Your objective
Retype the listing exactly, with no images.

Dataset content
※ ※ ※

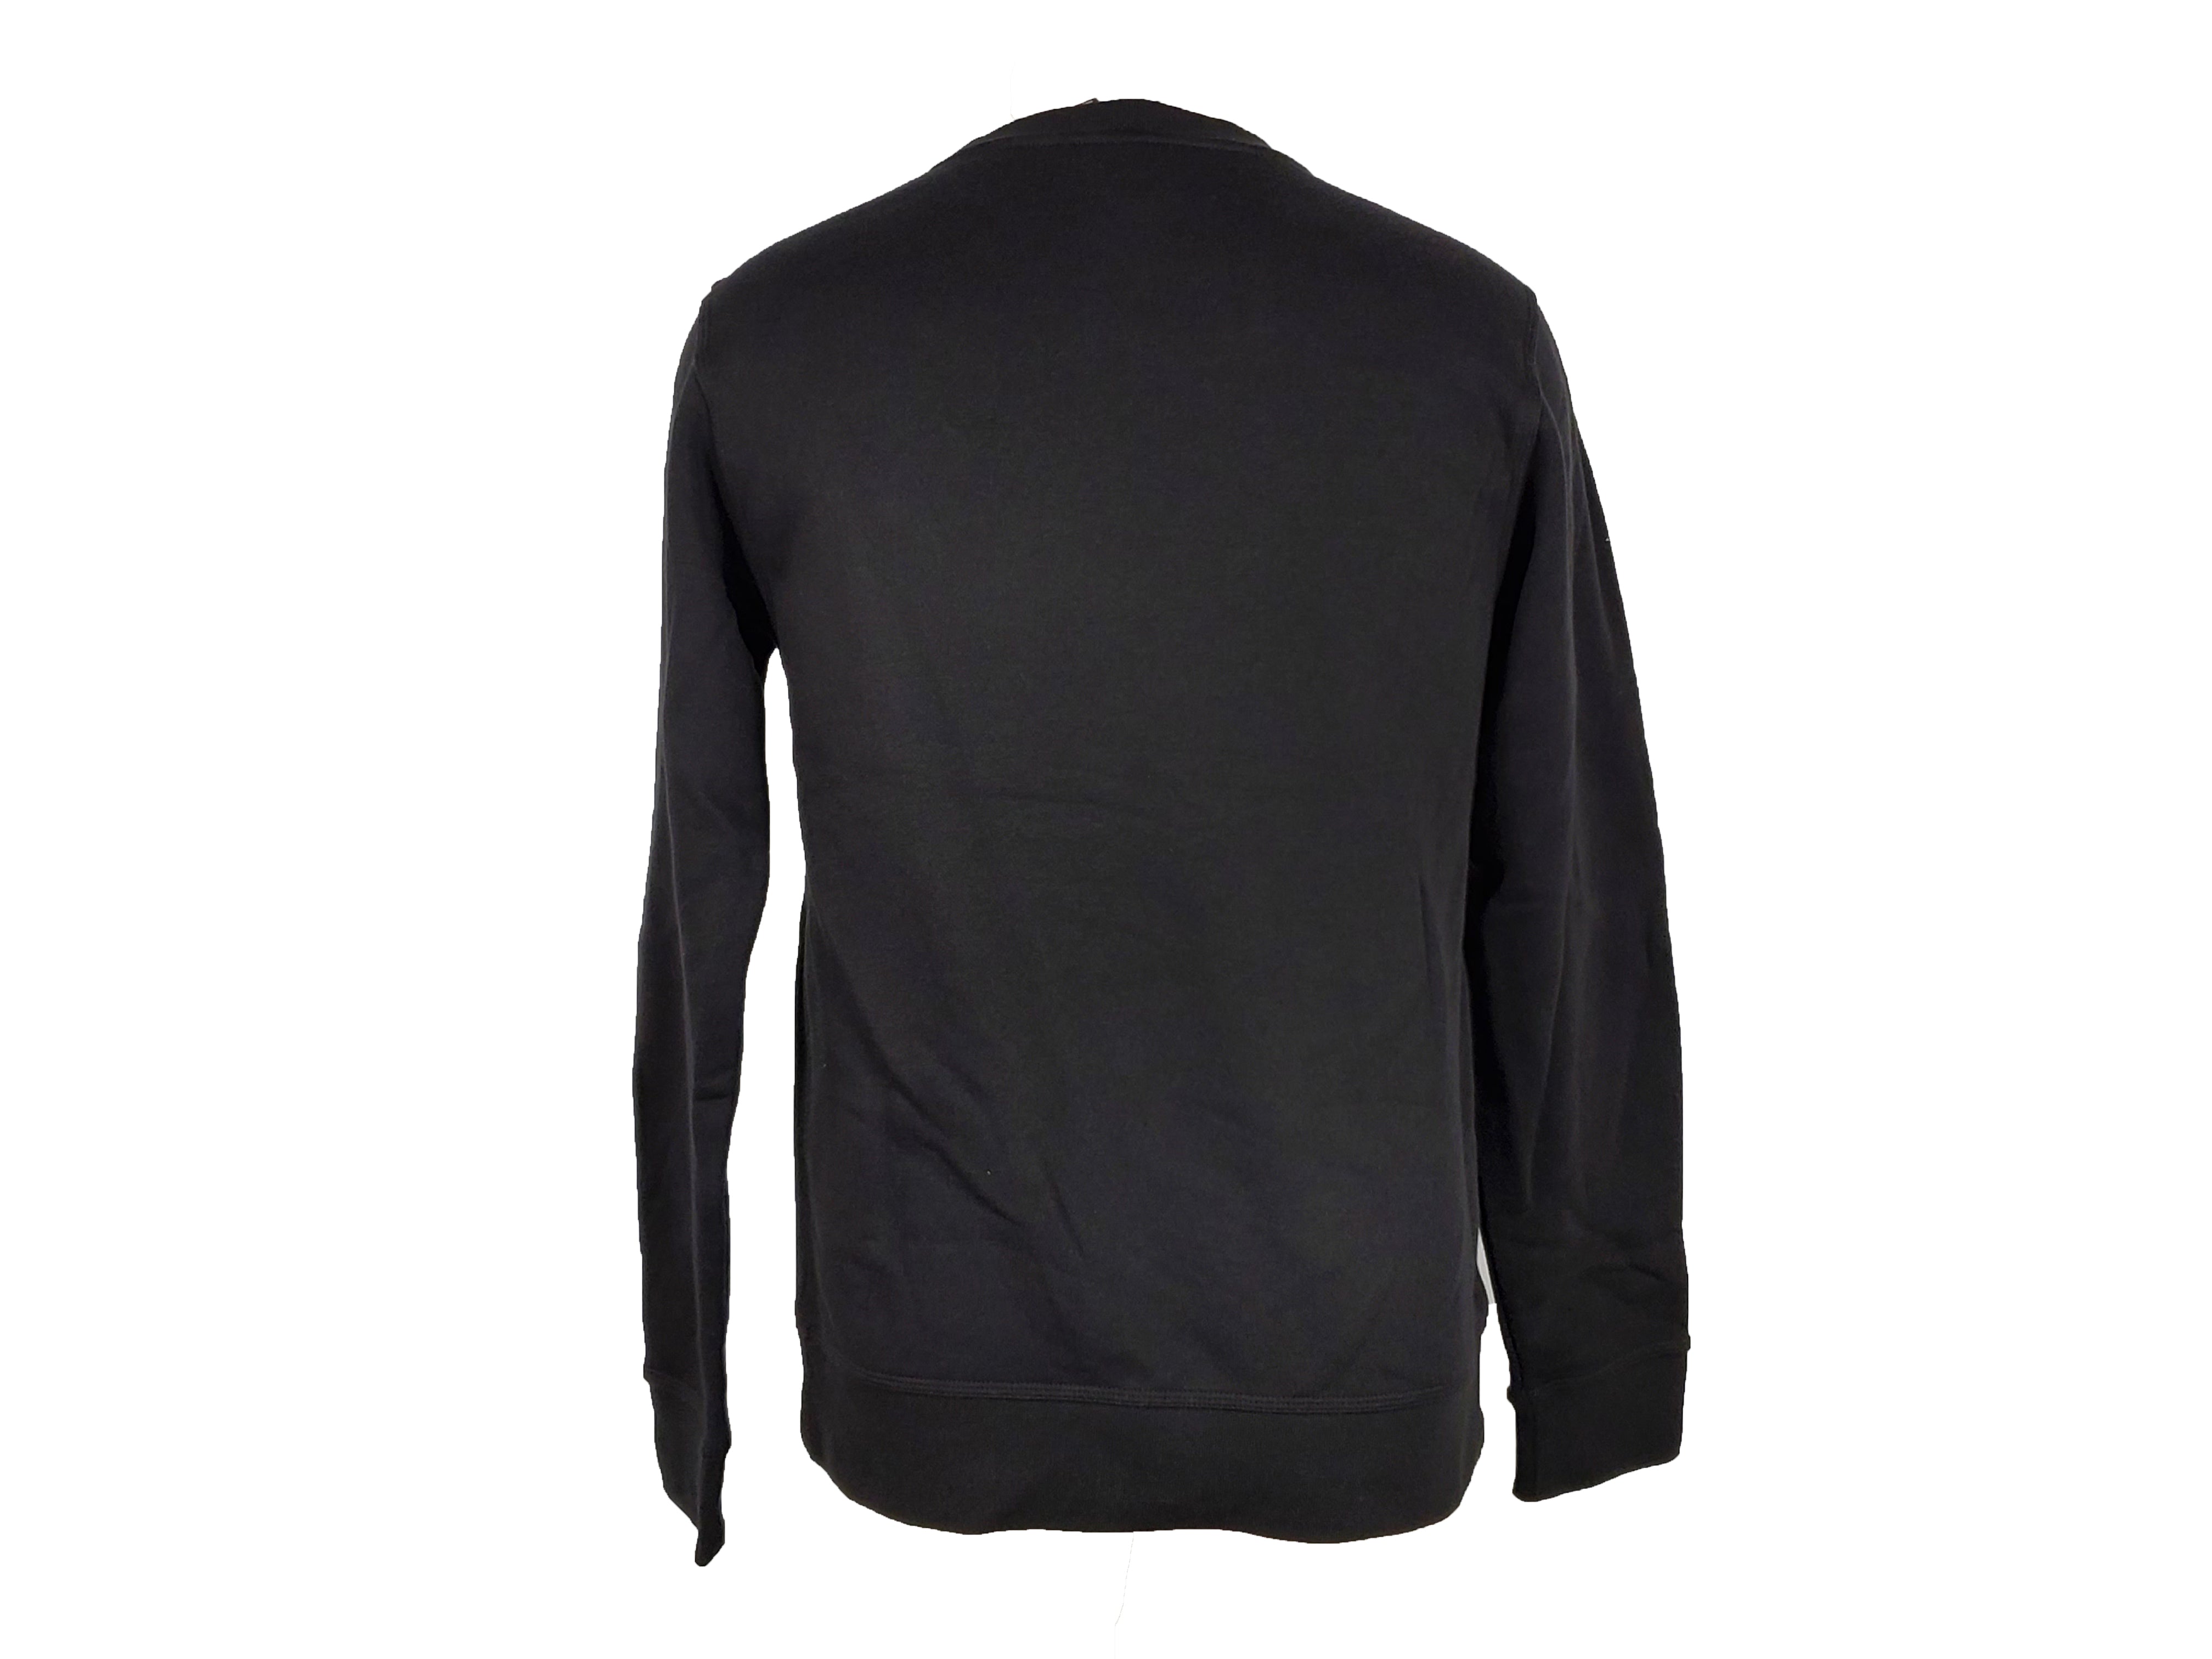 Nike Men's Sweatshirt - Black - S
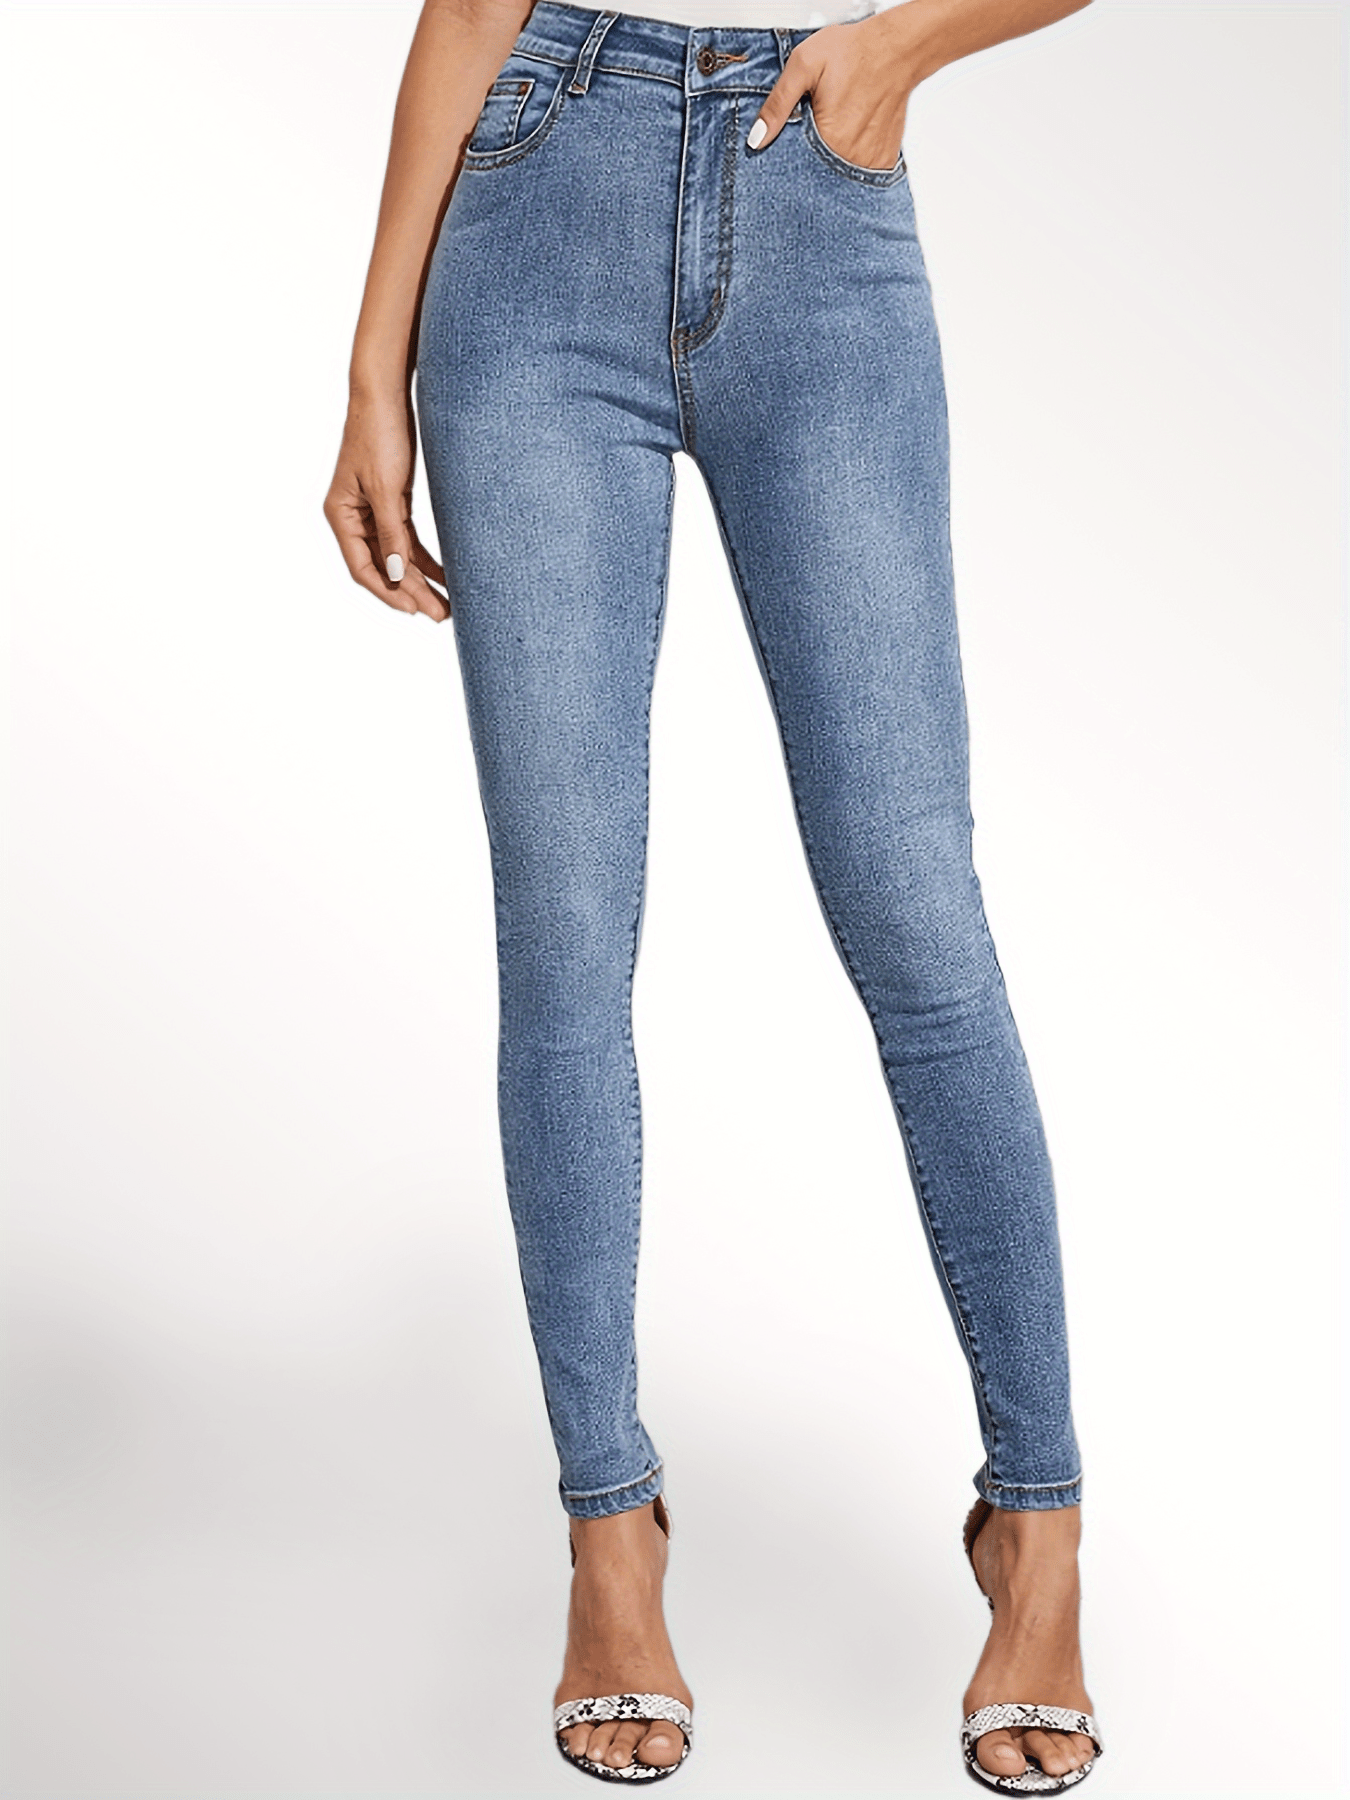 Jeans ajustados de cintura alta en azul, pantalones de mezclilla estilo  callejero ultra desgastados y de alta elasticidad, jeans de mezclilla y  ropa p
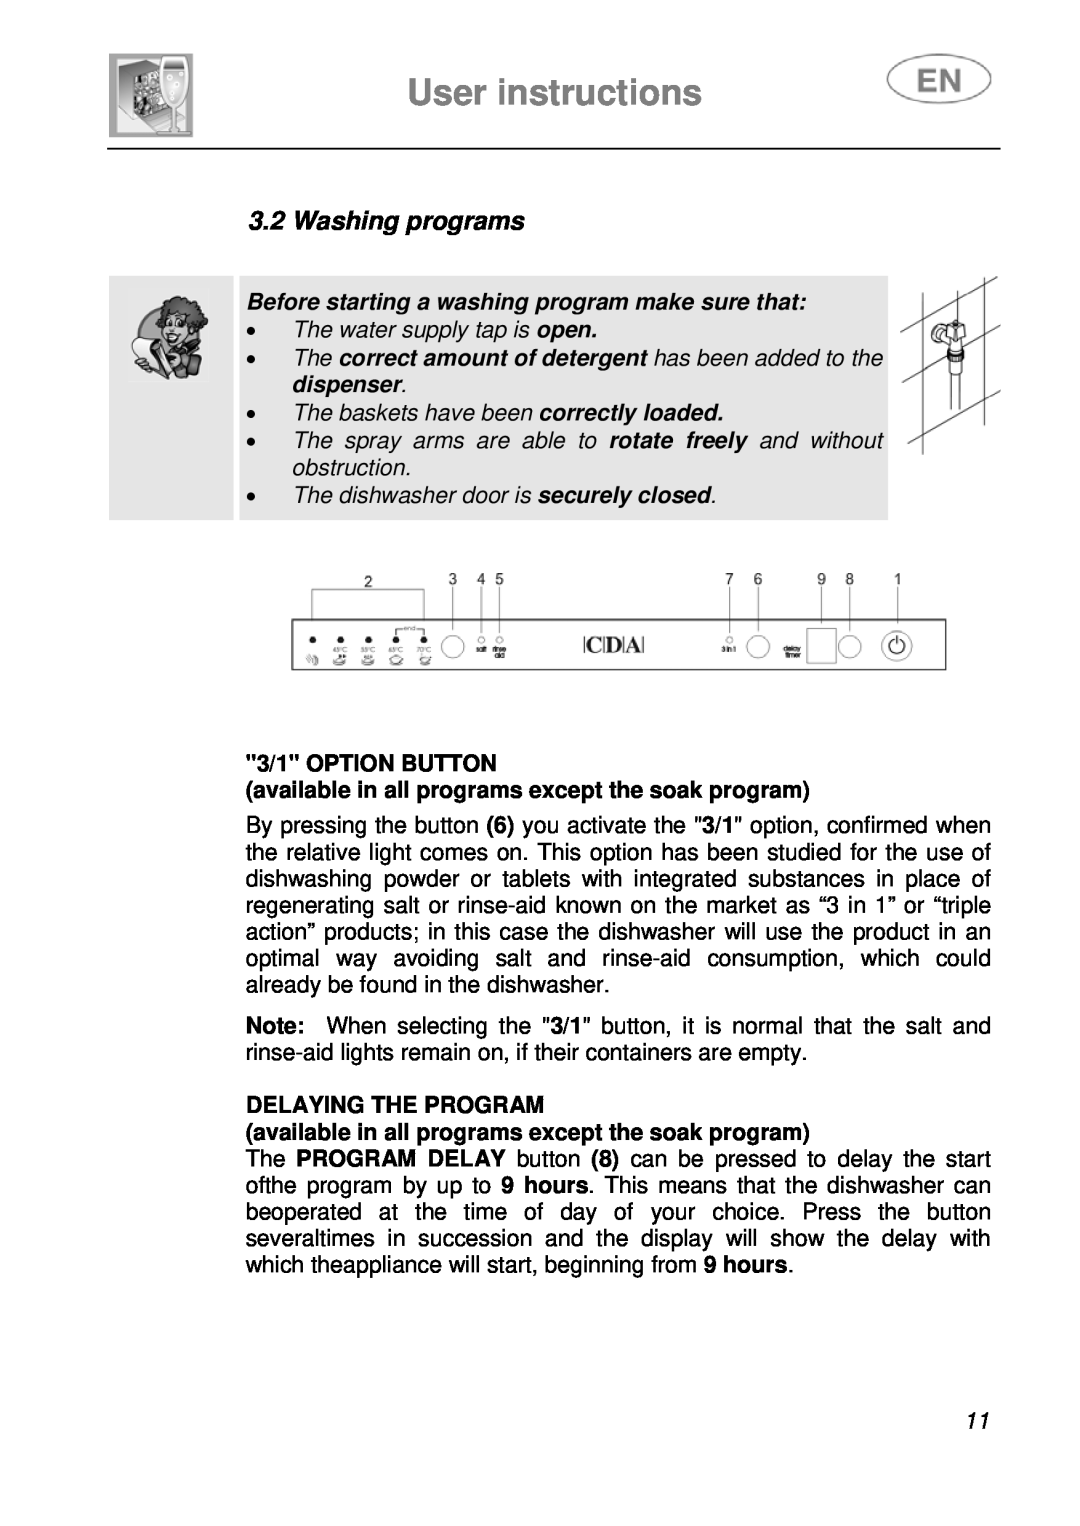 CDA WC460 manual User instructions, Washing programs, Before starting a washing program make sure that, 3/1 OPTION BUTTON

※ ※ ※

Answer for this exercise
 Nike Men's Sweatshirt - Black - S
 Jeans ajustados de cintura alta en azul, pantalones de mezclilla estilo  callejero ultra desgastados y de alta elasticidad, jeans de mezclilla y  ropa p
 CDA WC460 manual User instructions, Washing programs, Before starting a washing program make sure that, 3/1 OPTION BUTTON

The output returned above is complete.